En conjuguant nos efforts, nous pouvons faire des choses qui vont au-delà de ce que nous pouvons réaliser seuls en tant que groupe, tout en accélérant le calendrier de la recherche pour contribuer réellement à la santé humaine de notre vivant. C’est ce que j’espère et ce que je souhaite pour mon laboratoire.

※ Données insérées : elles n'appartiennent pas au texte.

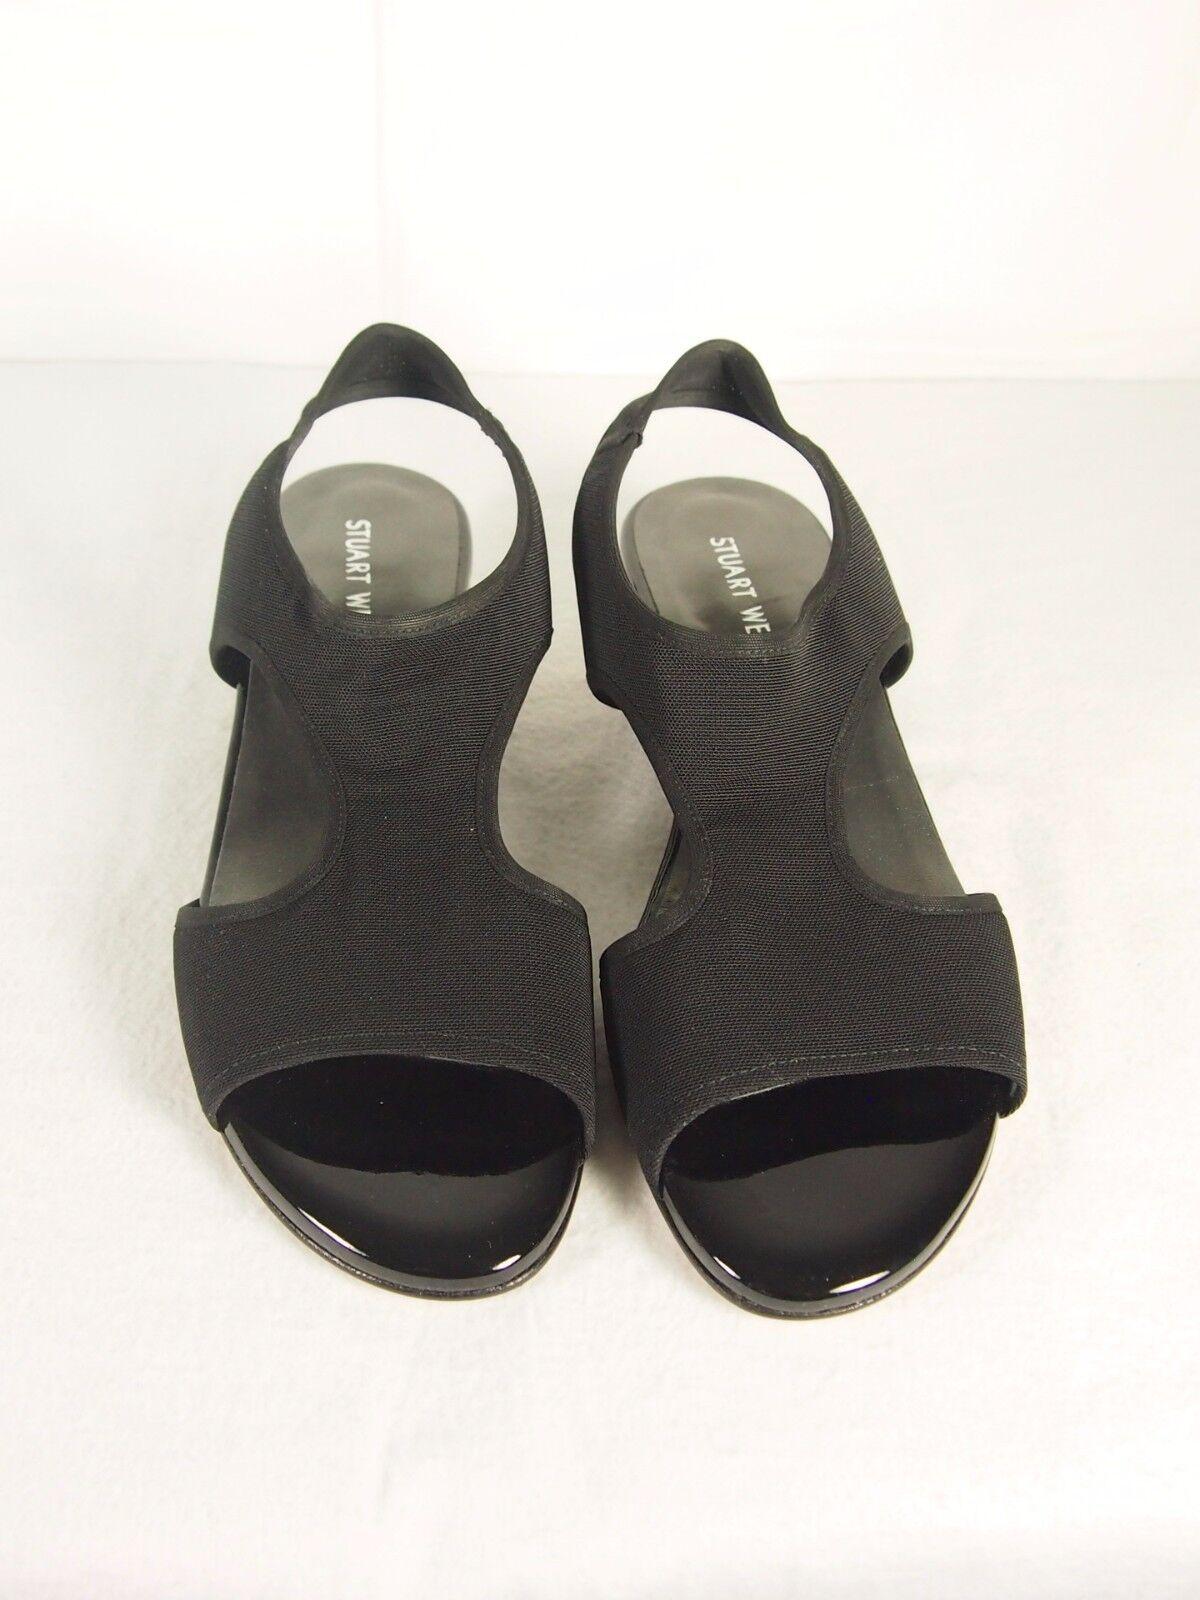 STUART WEITZMAN Giver Demi Stretch Sandal Black Sz 6.5 Reg 355.00
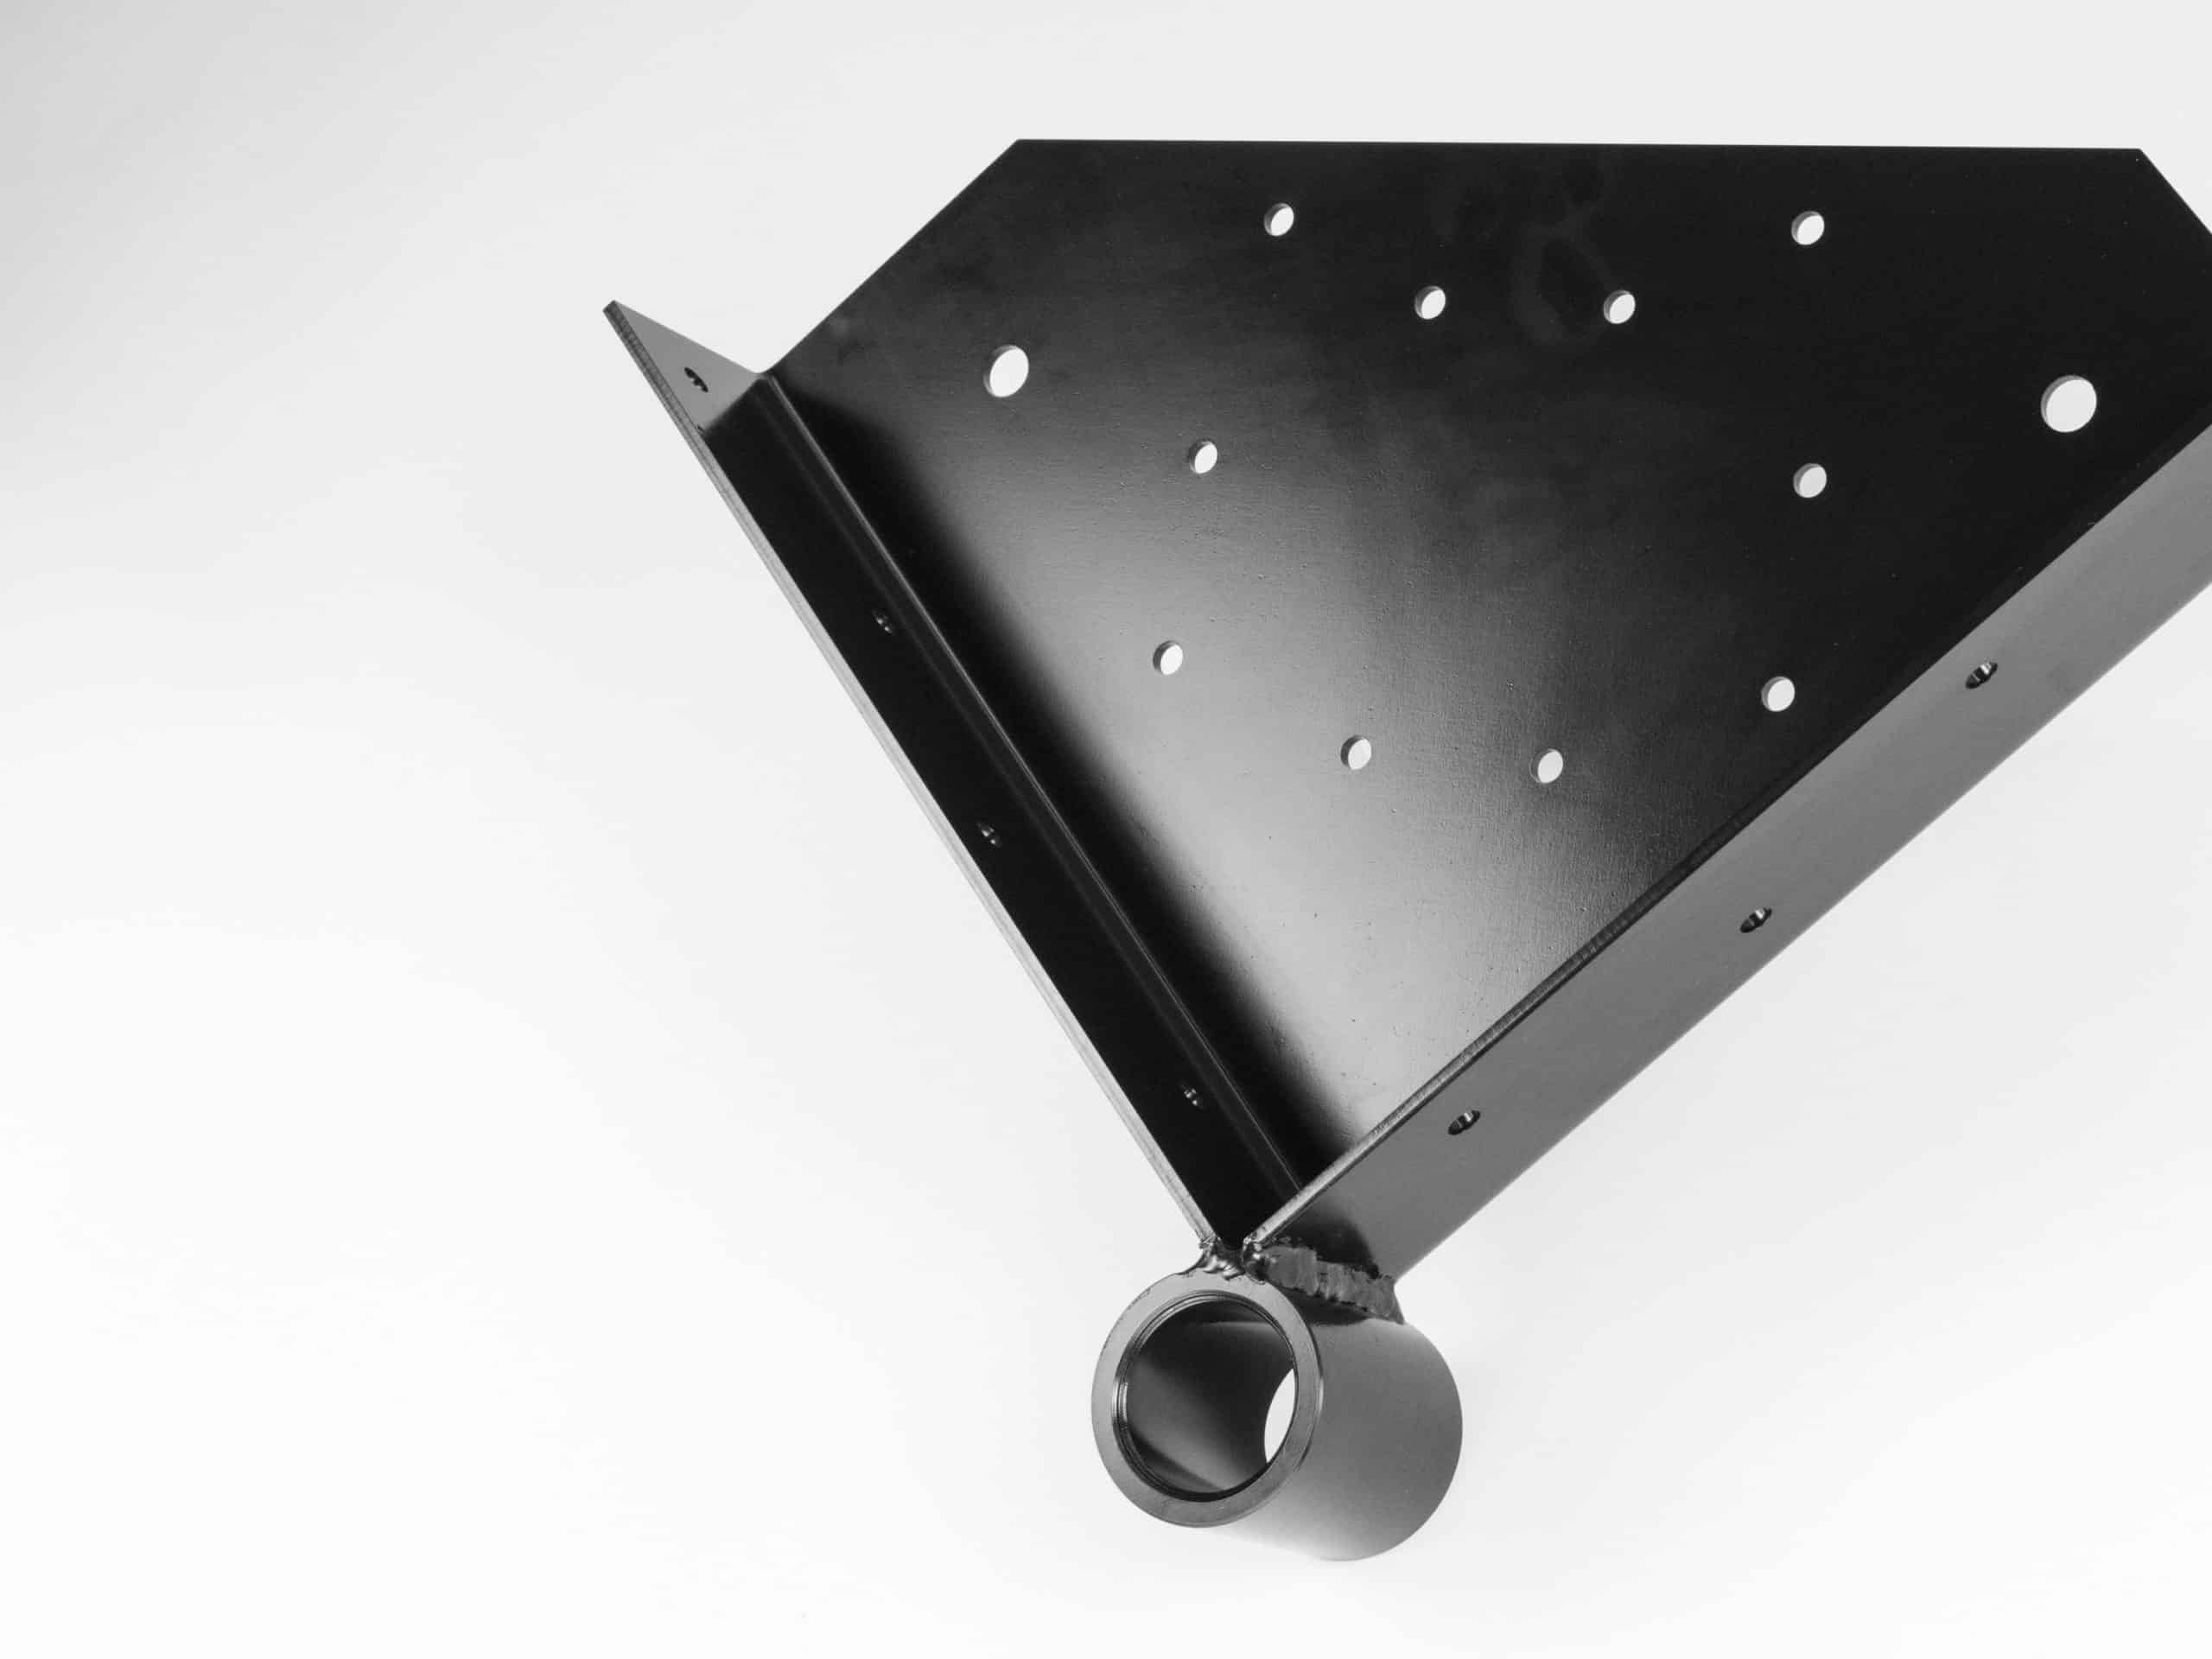 45°-diamond-bracket-front-treehouse-technology

Que pensez-vous de l’EPFL?
L’EPFL est un environnement d’ingénieures et ingénieurs, de personnes qui se consacrent réellement à la conception de nouvelles technologies, de nouveaux outils et de nouvelles méthodes. Et je suis vraiment en phase avec cela. Nous ne proposons pas seulement d’étudier un certain phénomène biologique, mais nous cherchons aussi à créer un outil qui nous permettra d’étudier ce phénomène biologique d’une manière qui n’a jamais été possible auparavant. D’autres personnes peuvent ensuite l’adapter, ce qui peut conduire à de nombreuses nouvelles découvertes. Il s’agit de rendre possible la recherche de demain. C’est ce que j’admire à l’EPFL et c’est pourquoi j’apprécie y travailler.